## DATASET SECTION
+--

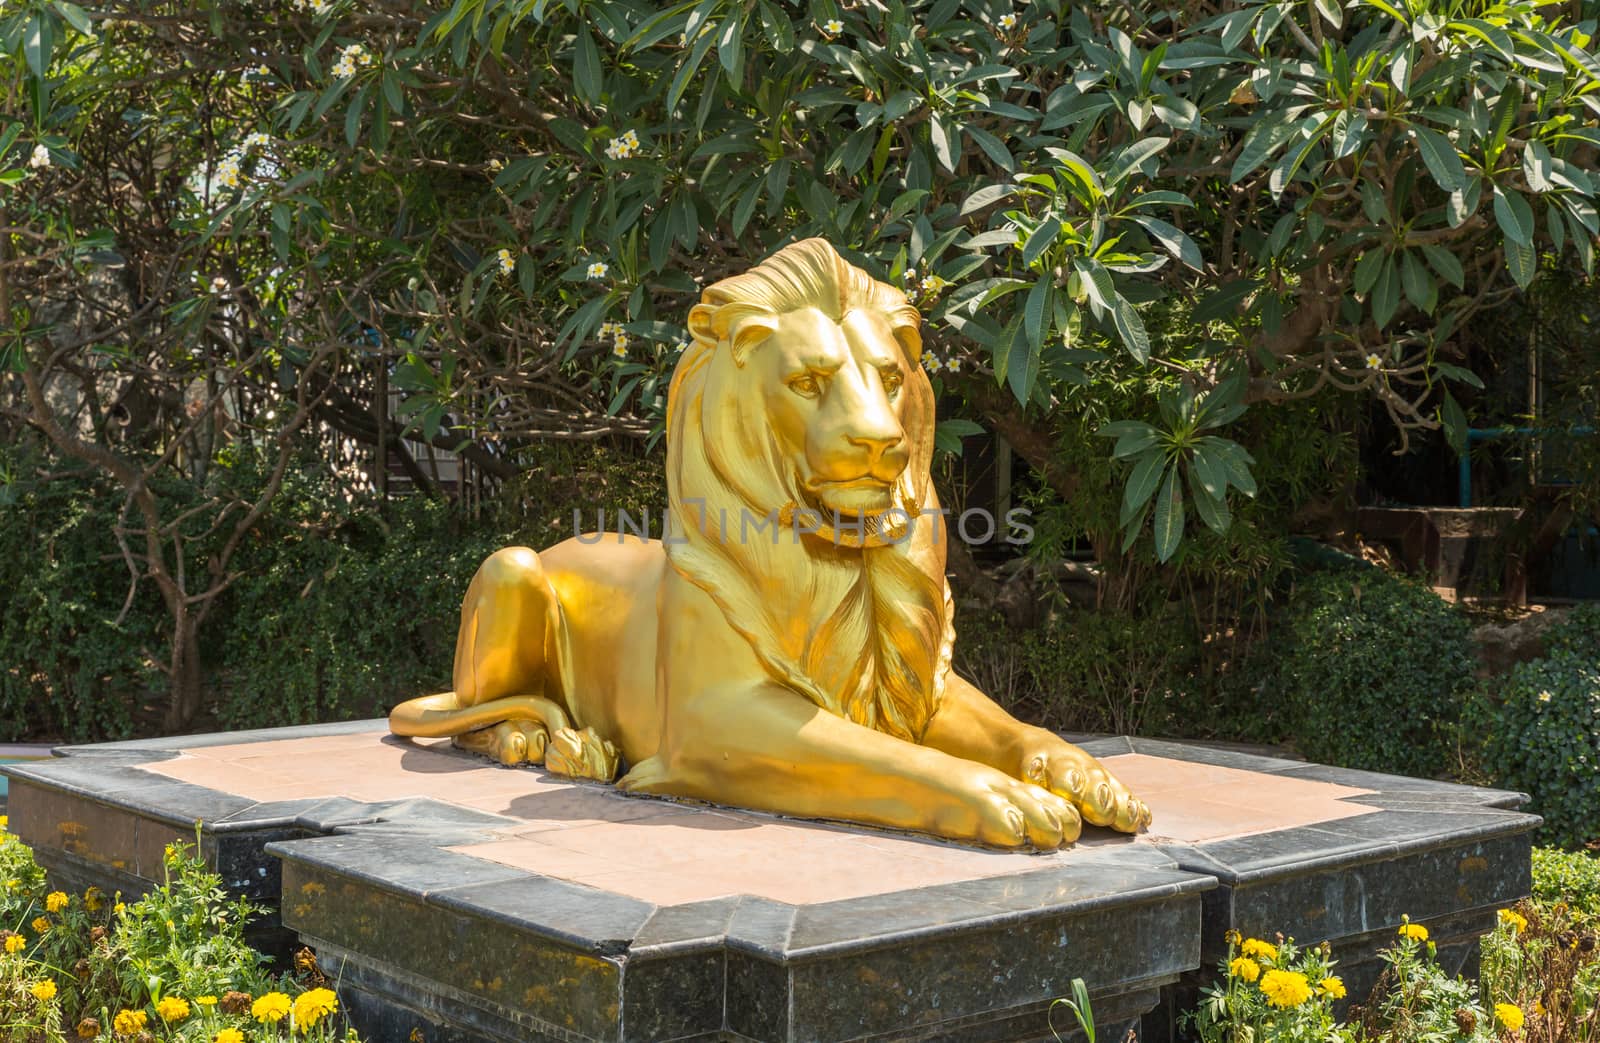 Sculpture of golden lion by Mieszko9
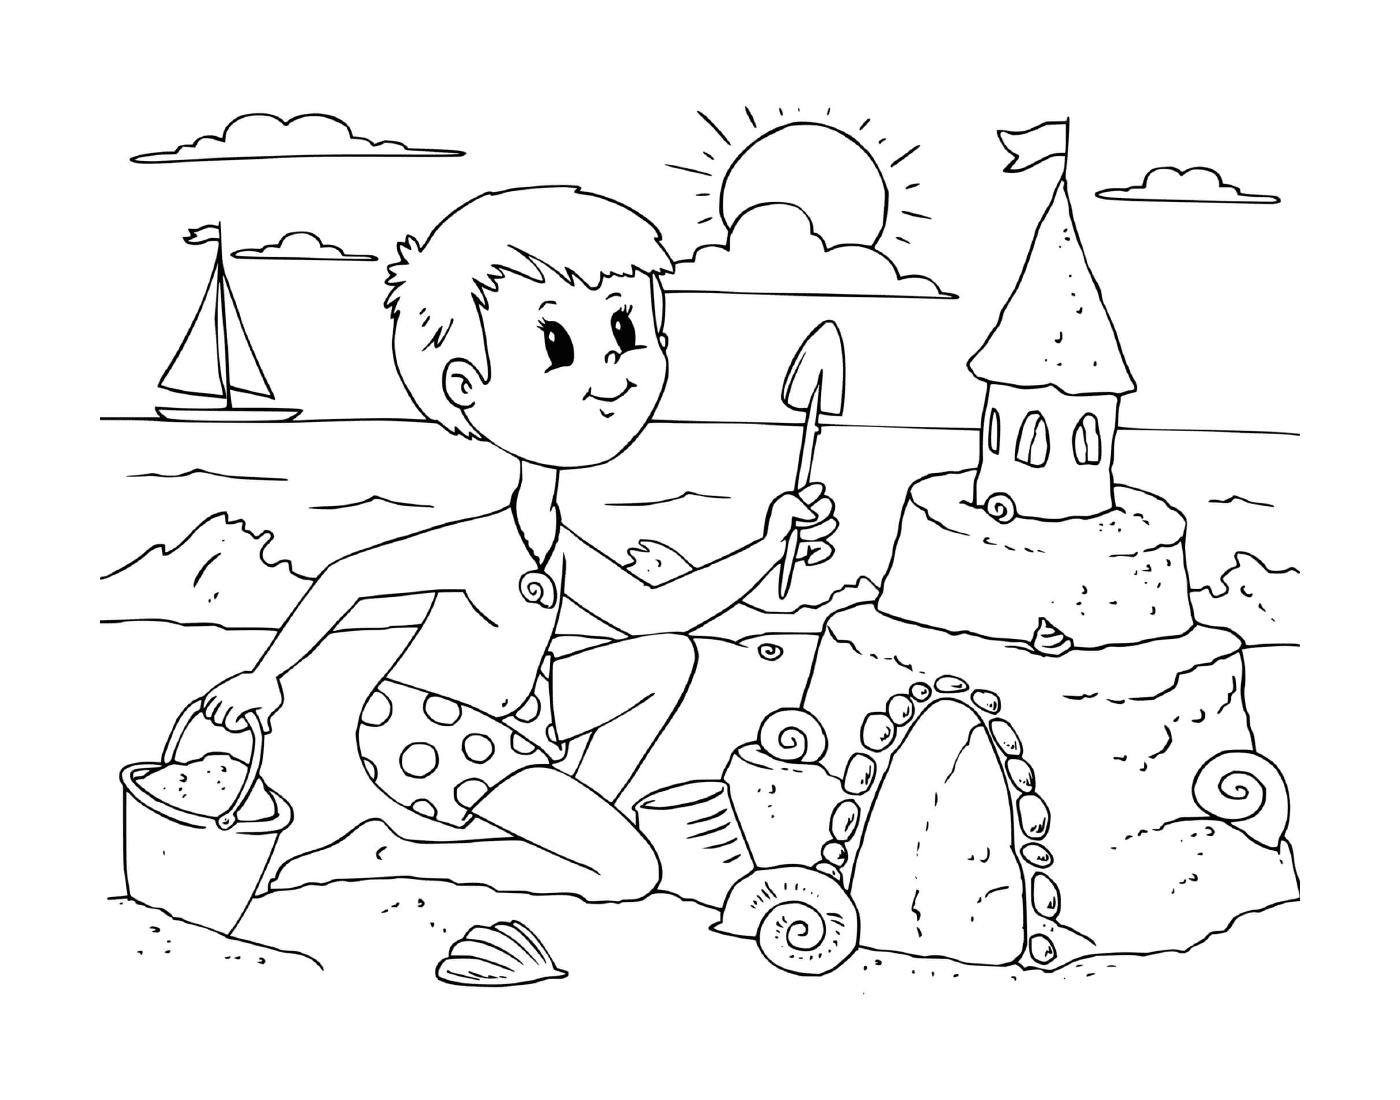   Un garçon construit un château de sable sur la plage 
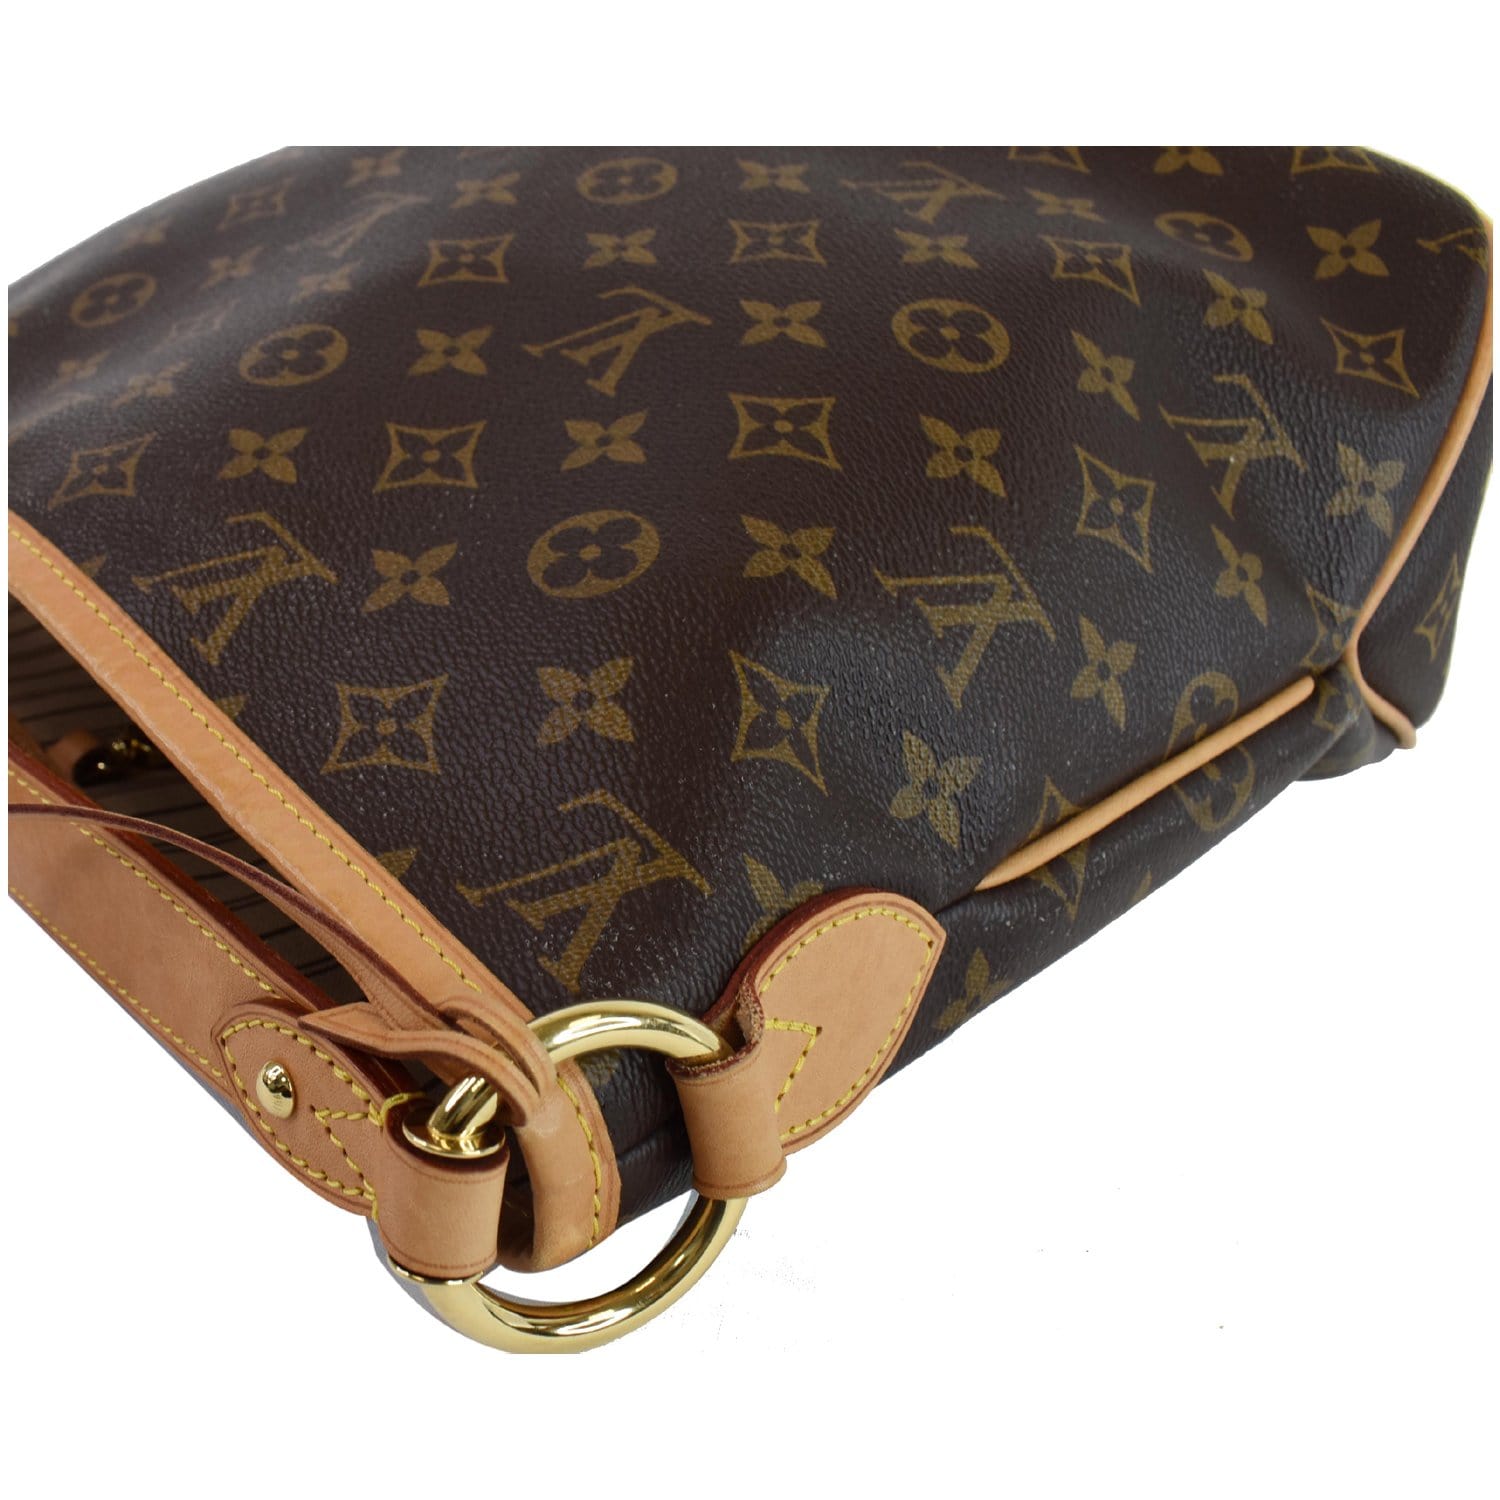 Delightful cloth handbag Louis Vuitton Brown in Cloth - 37652562

+--

## WORK REQUEST
Begin at the line containing "Un garçon construit" and stop at the last line of the data. Repeat only those lines, exactly, and leave out the pictures.

## TASK OUTPUT
   Un garçon construit un château de sable sur la plage 
 Delightful cloth handbag Louis Vuitton Brown in Cloth - 37652562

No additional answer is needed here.